A contentment of being in life.
So today is a reminder to slow down and what that might look like for you in your life.
Just reflect on that for you.
What does slowing down mean for you?
Again when I was walking the pilgrimage slowing down for me was this delicious sense of going through life at the pace that I was designed to which was a walking pace.
That's what my legs are designed for and I remember going to these sacred places.
Sometimes they were stone circles or stone rows or rocks or holy wells or churches.
And as I made my way,
Let's just say I was making my way to a church,
I had this delicious sense in the miles and the time leading up to reaching the church of imagining and anticipating what it was going to be like.
And then more often than not I would catch sight of the church tower just before I reached it and I'd feel a sense of welling excitement.
Like I'm just about to go and meet a bit like when I'm about to meet a friend maybe or someone I haven't seen for a while.
That excitement of like oh I'm nearly there.
And then I went in and I spent time in the churches.
I sat in them.
I gave myself time to reflect and just to be present.
And then eventually I'd close the door behind me and walk away from the church and I would savour the memory of that experience with the church for the next hour and the miles that I walked on.
And there was something so wonderful about the slowness of coming to somewhere to reach it to greet it and then the goodbye and the letting go.

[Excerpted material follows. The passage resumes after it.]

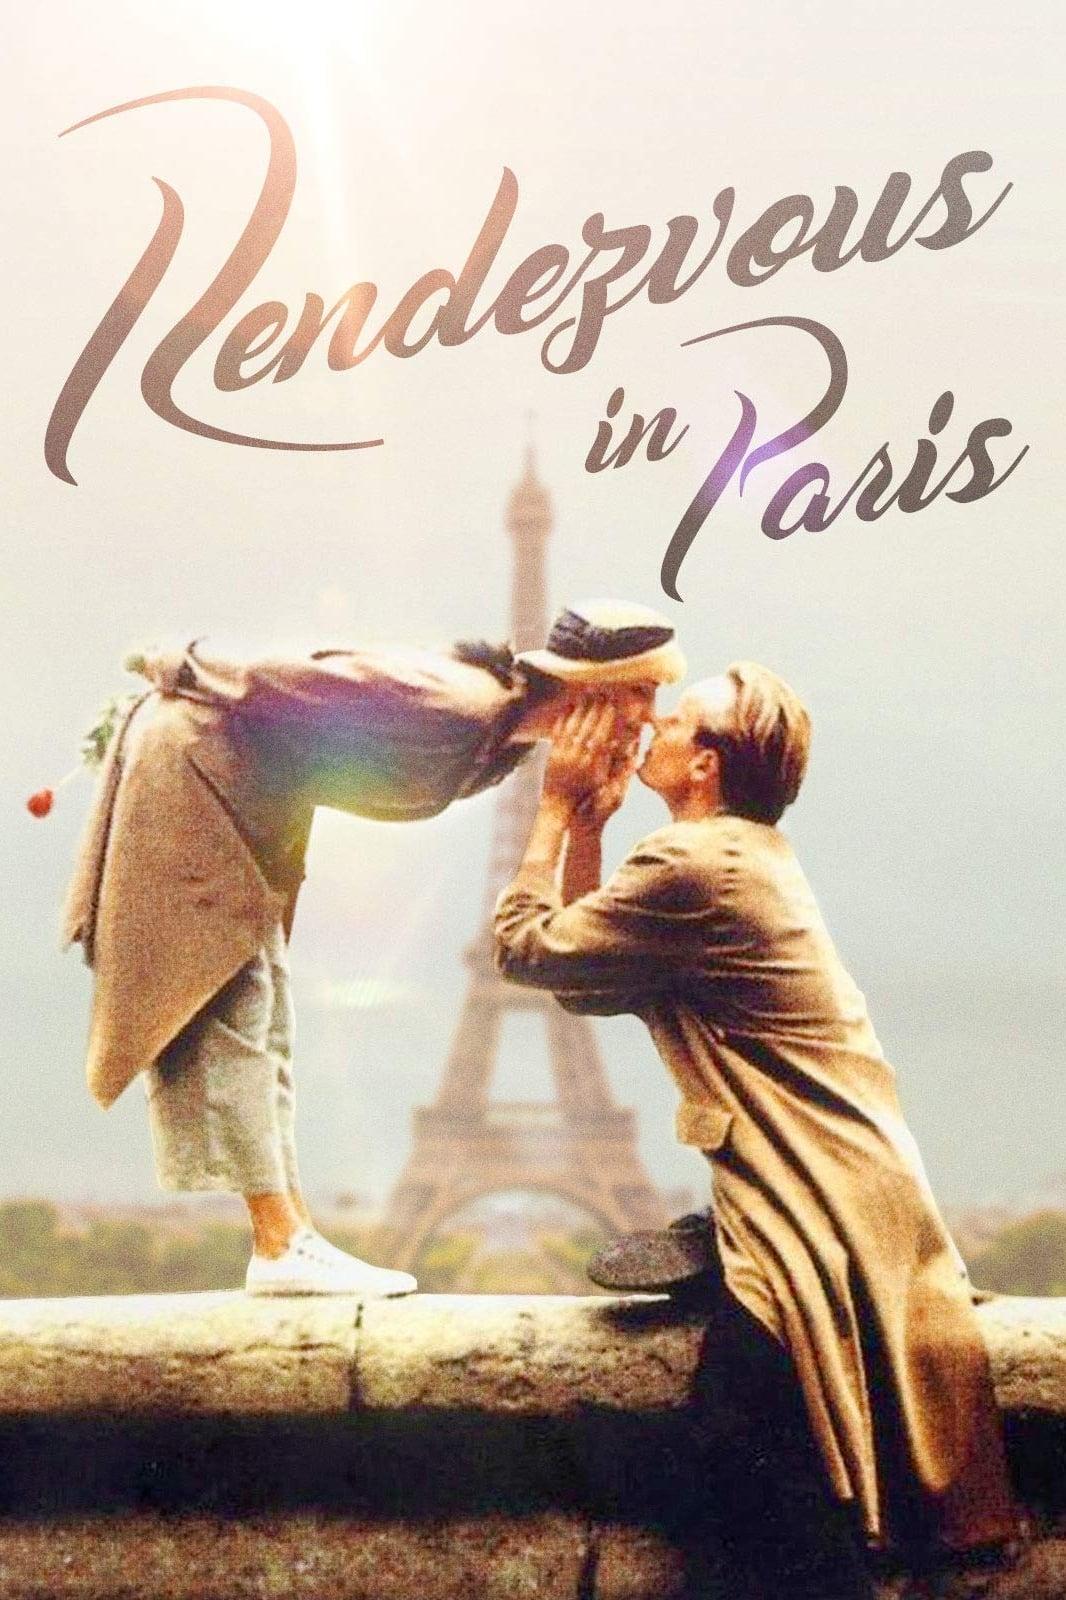 Rendezvous in Paris poster

It felt so nourishing to be doing that at this particular pace.
So my request to you is to reflect on slowing down and what it means for you.
We often fill our lives with things that mean we can do more stuff whether it's things we do on the computer.
That's me.
I'm very guilty of that.
Of engaging with AI or sending out emails and in a flurry or whizzing through my tasks of cooking or not really being truly grateful for the food that I'm able to put on the table.
And when I do that when I'm not present then it feels as though I'm missing something.
I'm losing something.
I'm missing a connection with life.
Anyway I'd love to know your reflections on slowing down and what it might mean for you.
What happens when you slow down?
What does slowing down mean for you?
And I look forward to connecting again with you tomorrow for another Five Minutes in Nature.